* _WORK TO BE COMPLETED_
Print the data that follows word for word, leaving out any picture.

* _DATA_
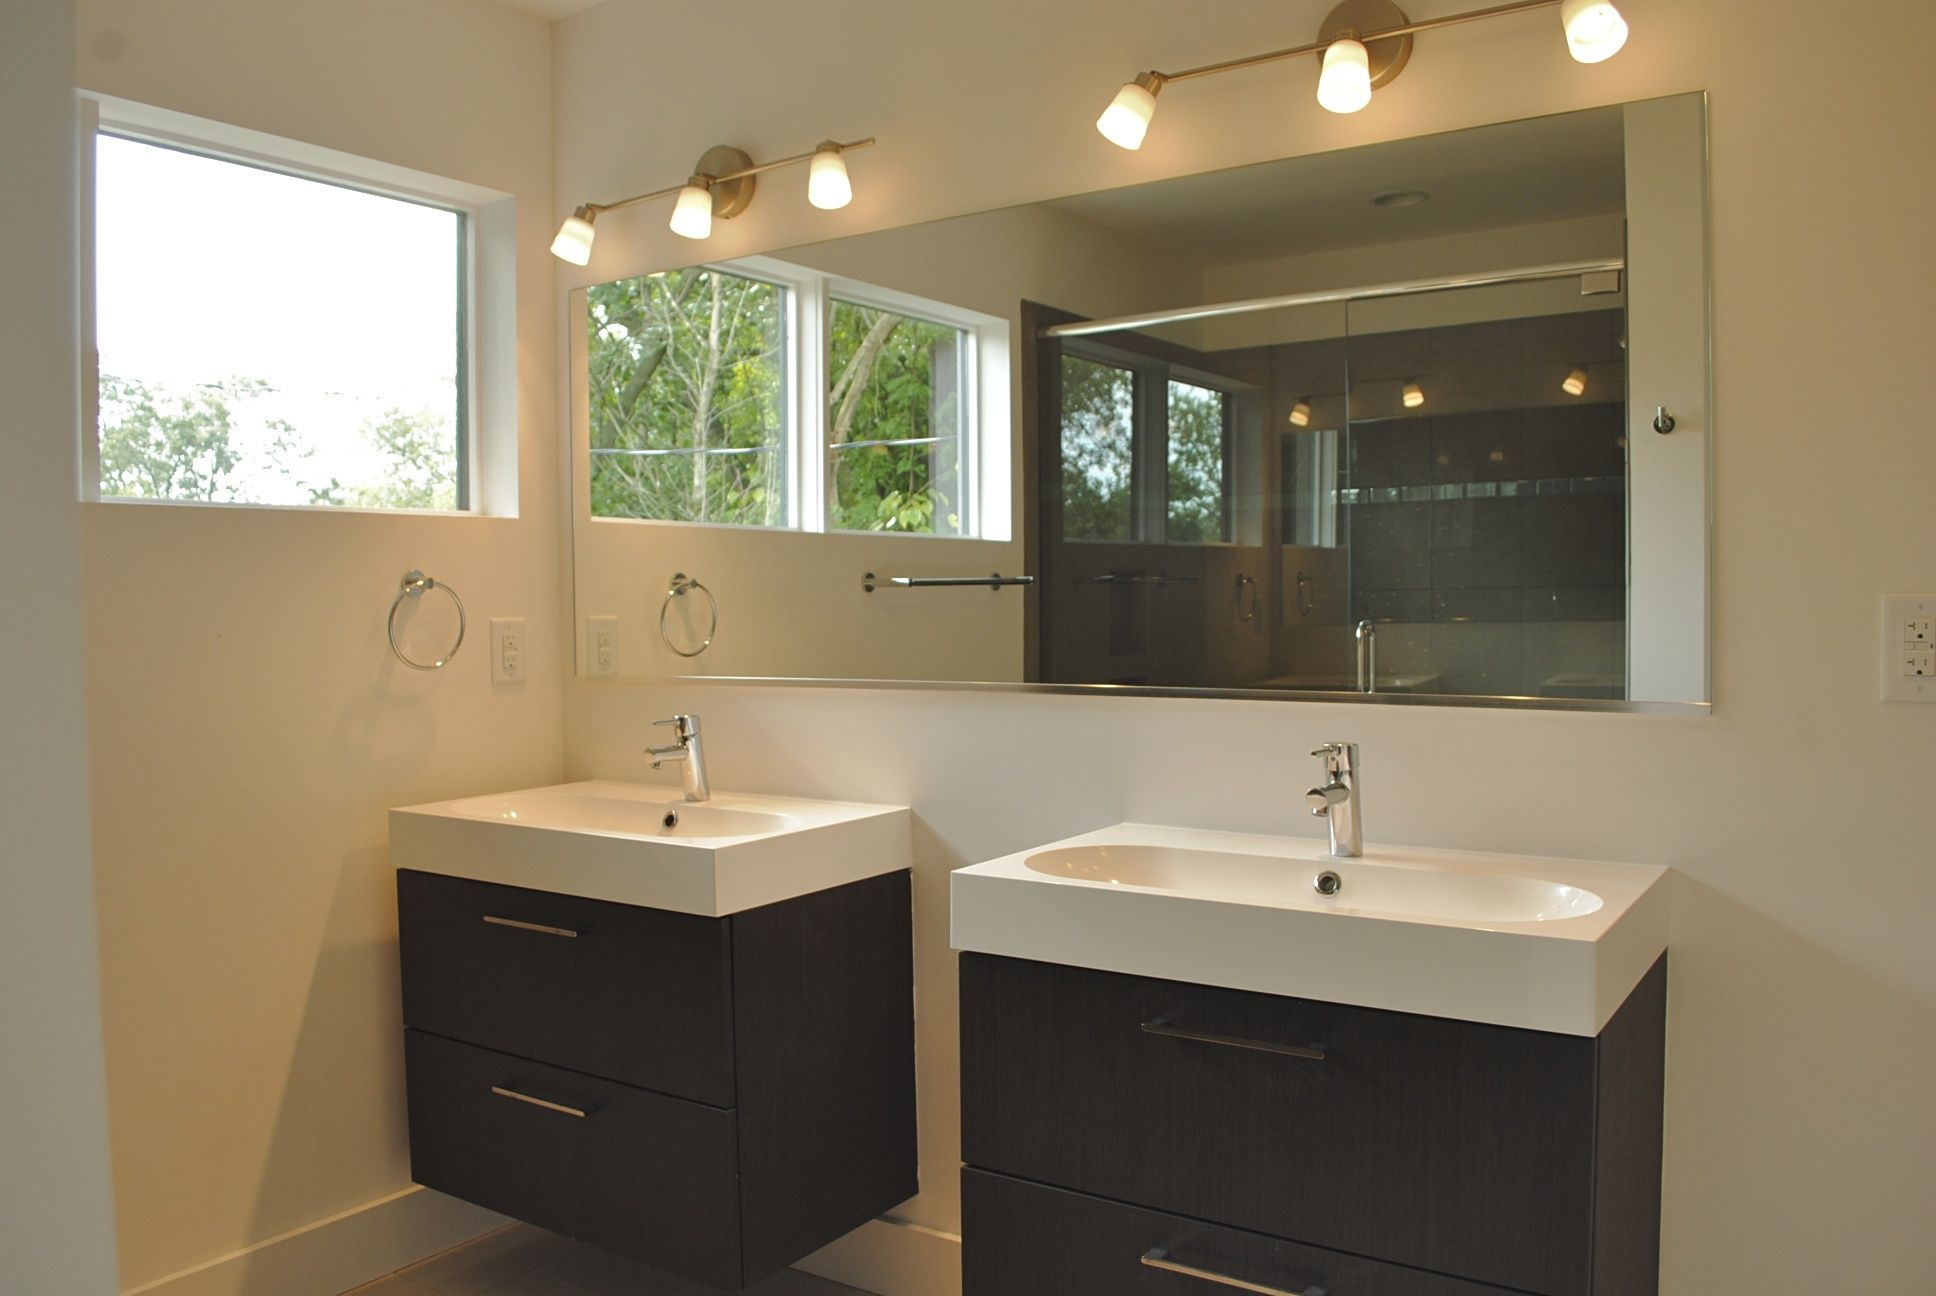 Ikea Bathroom Vanity Units For Your House Decor Twin
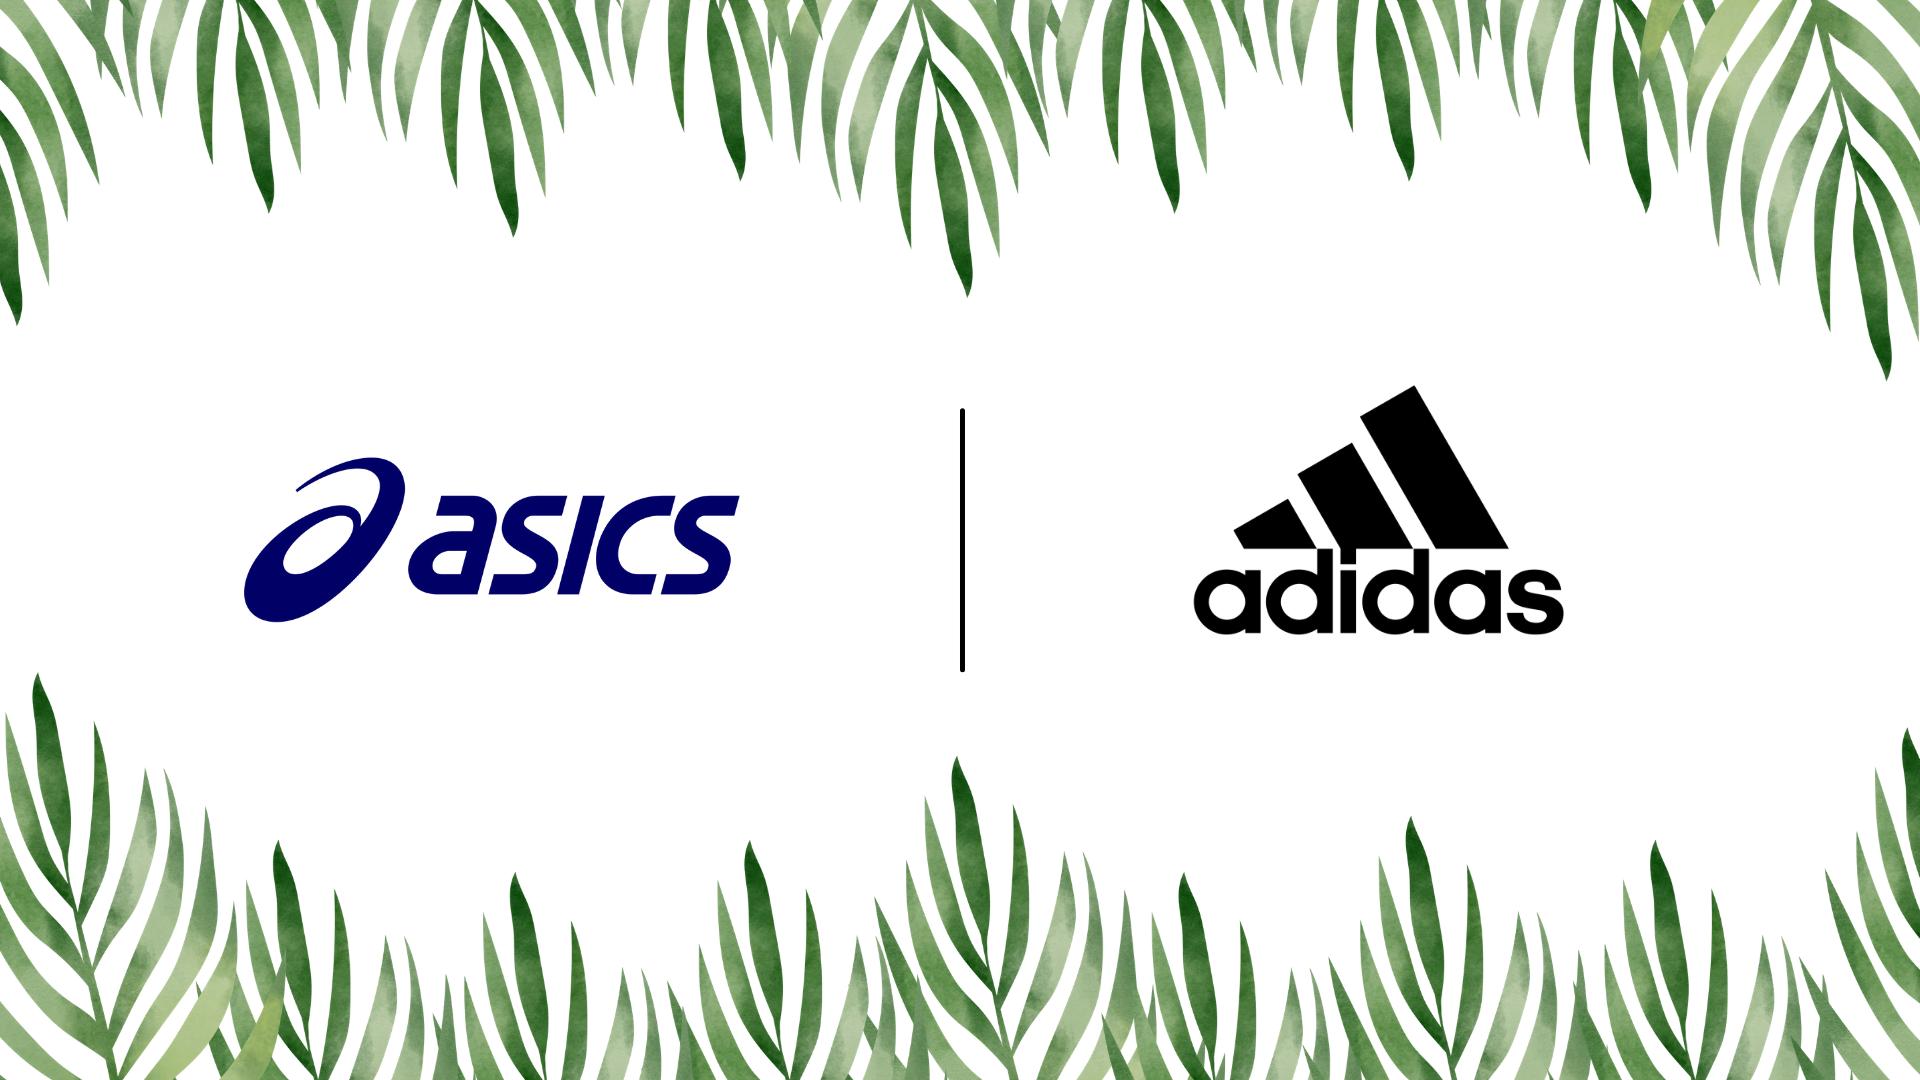 Adidas_Asics-MELCHIOR
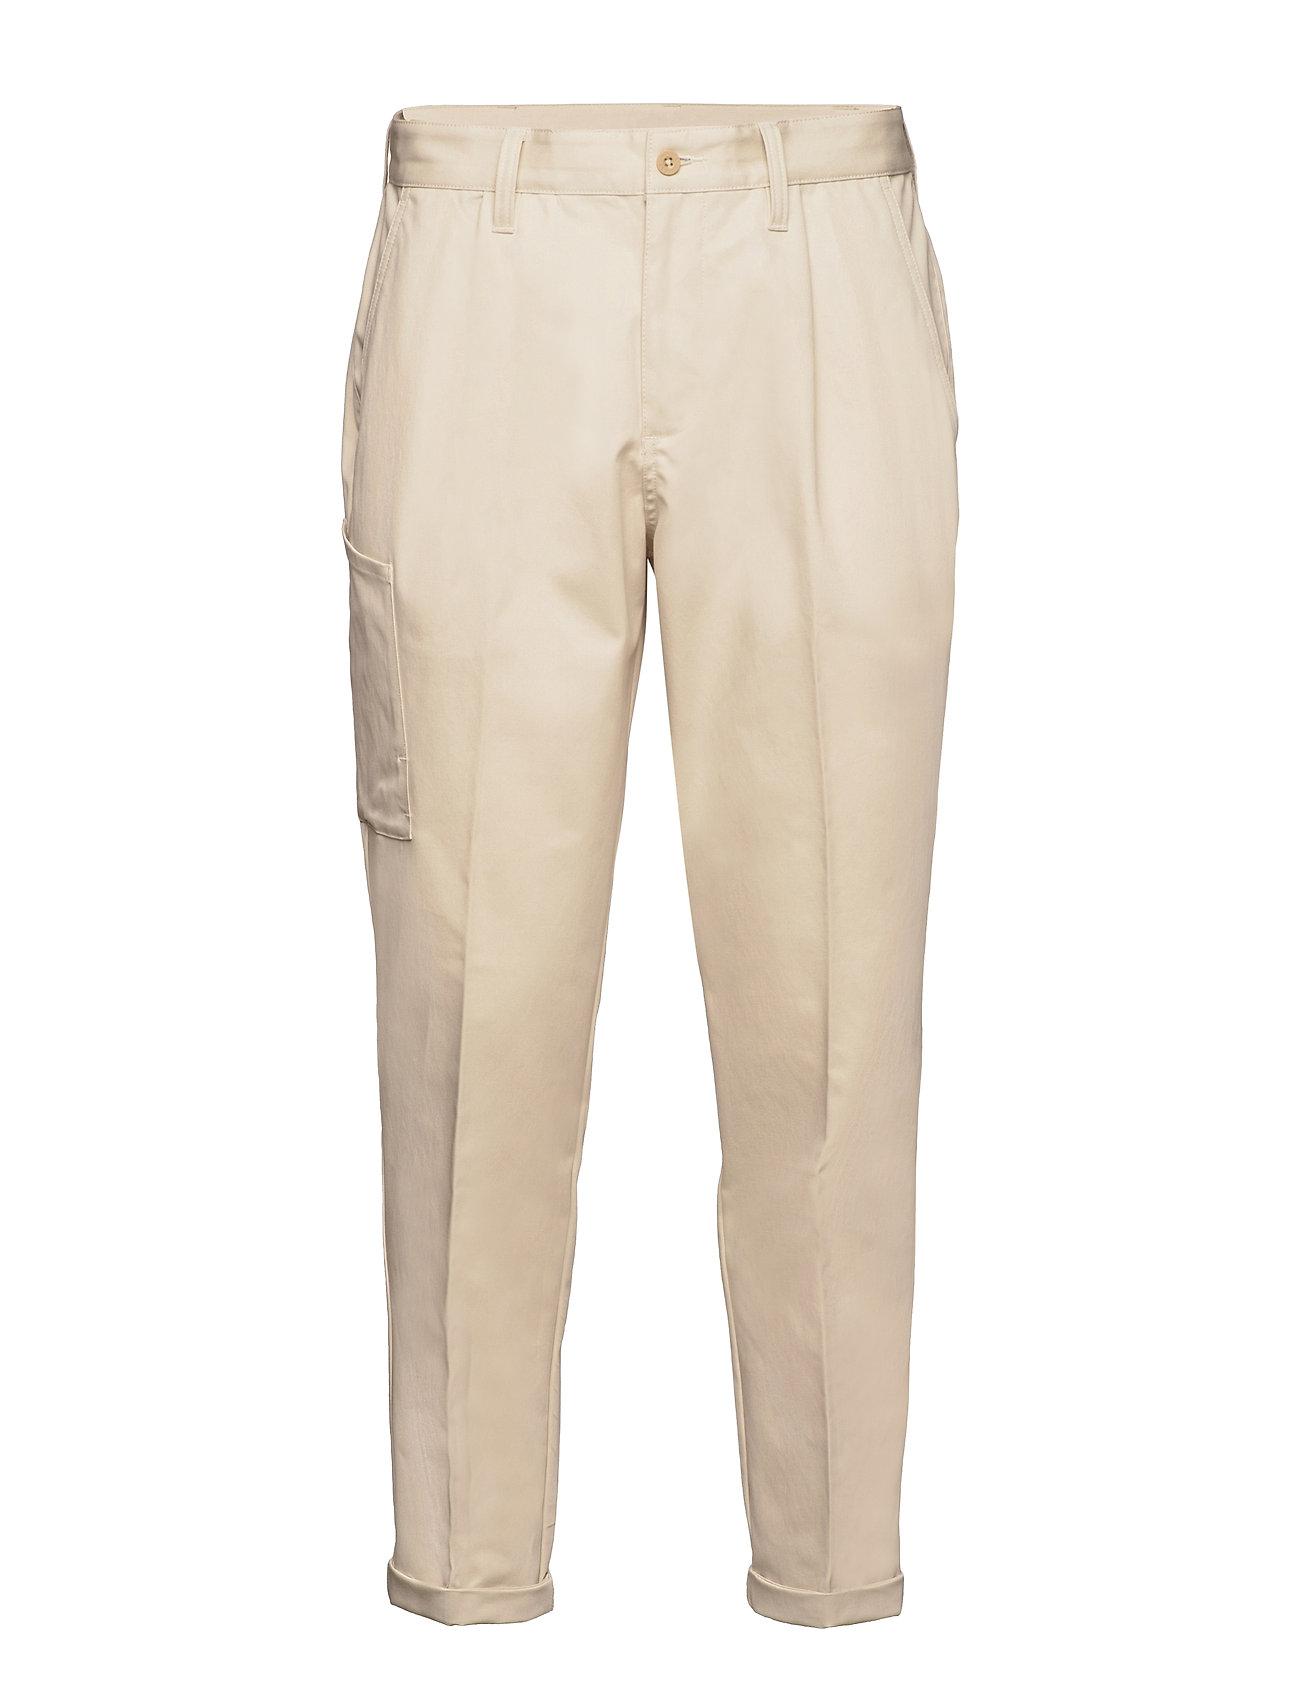 Adcrs Chno Pnt Sport Pants Beige Adidas Golf
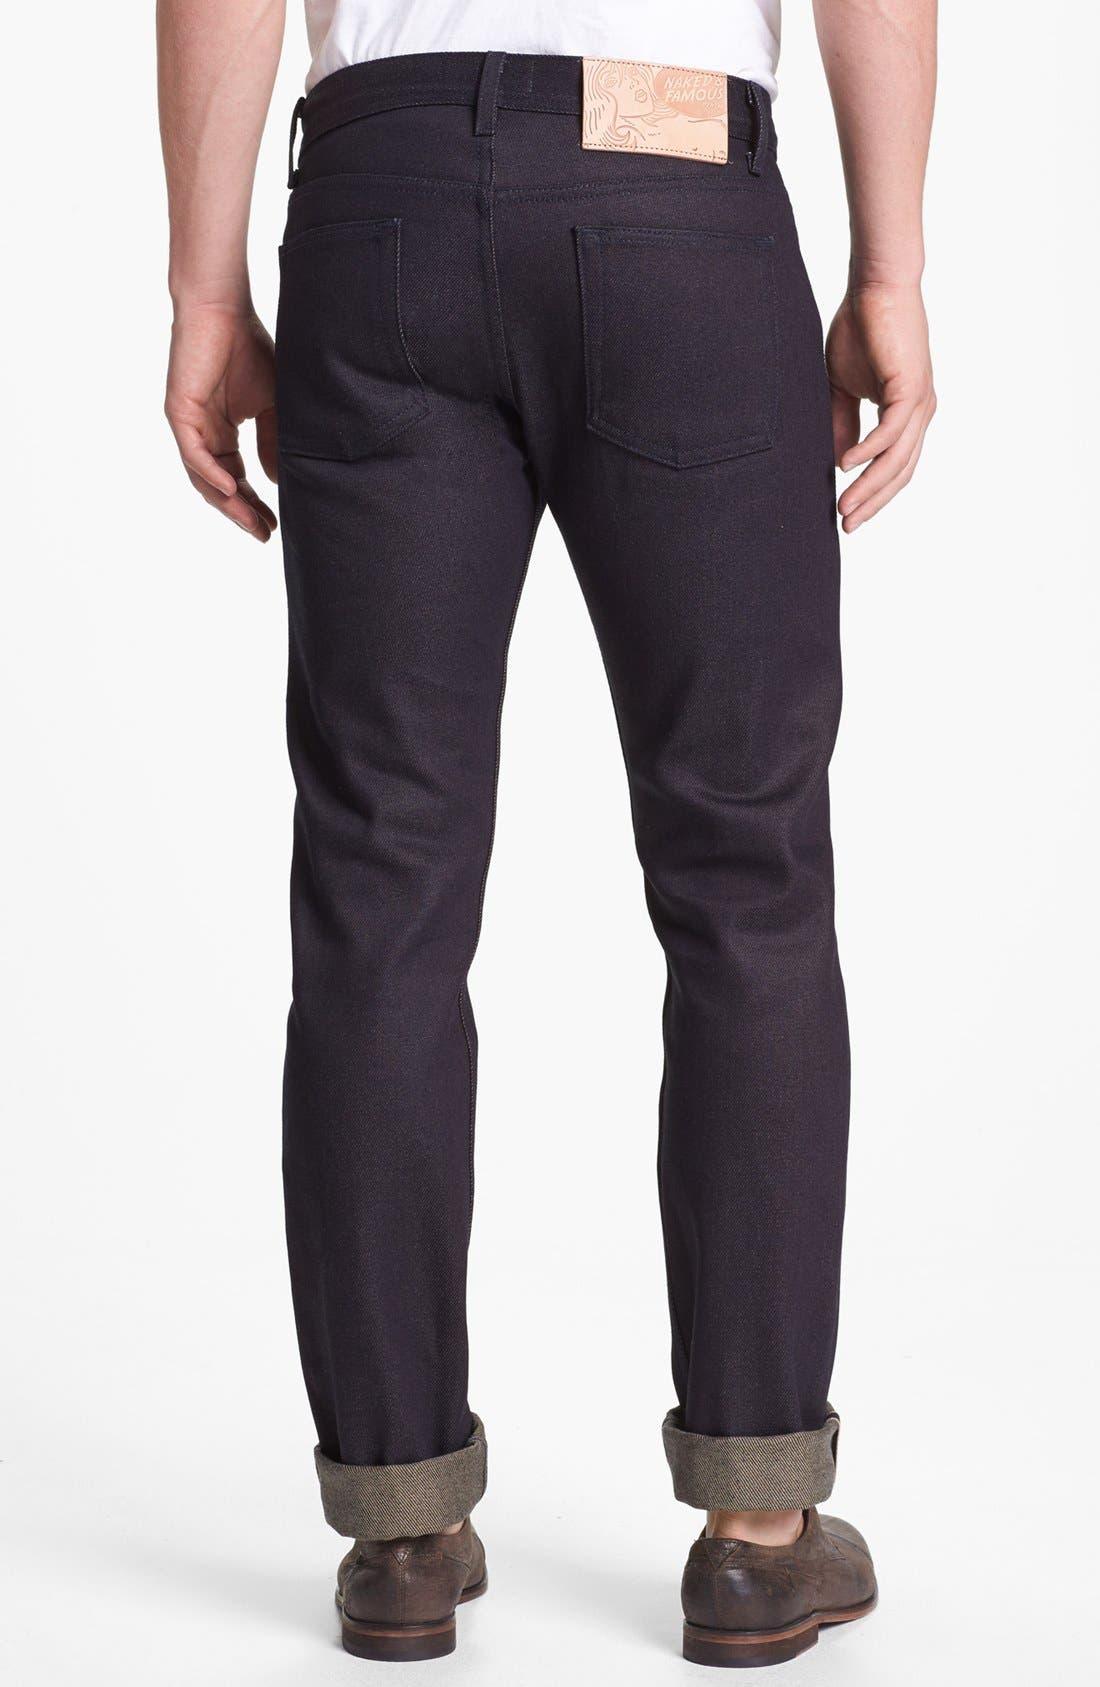 Alternate Image 1 Selected - Naked & Famous Denim 'Weird Guy' Slim Fit Selvedge Jeans (Elephant 3)

* _RESULT FOR THIS EXERCISE_
 Ikea Bathroom Vanity Units For Your House Decor Twin
 Adidas_Asics-MELCHIOR
 Adcrs Chno Pnt Sport Pants Beige Adidas Golf
 Alternate Image 1 Selected - Naked & Famous Denim 'Weird Guy' Slim Fit Selvedge Jeans (Elephant 3)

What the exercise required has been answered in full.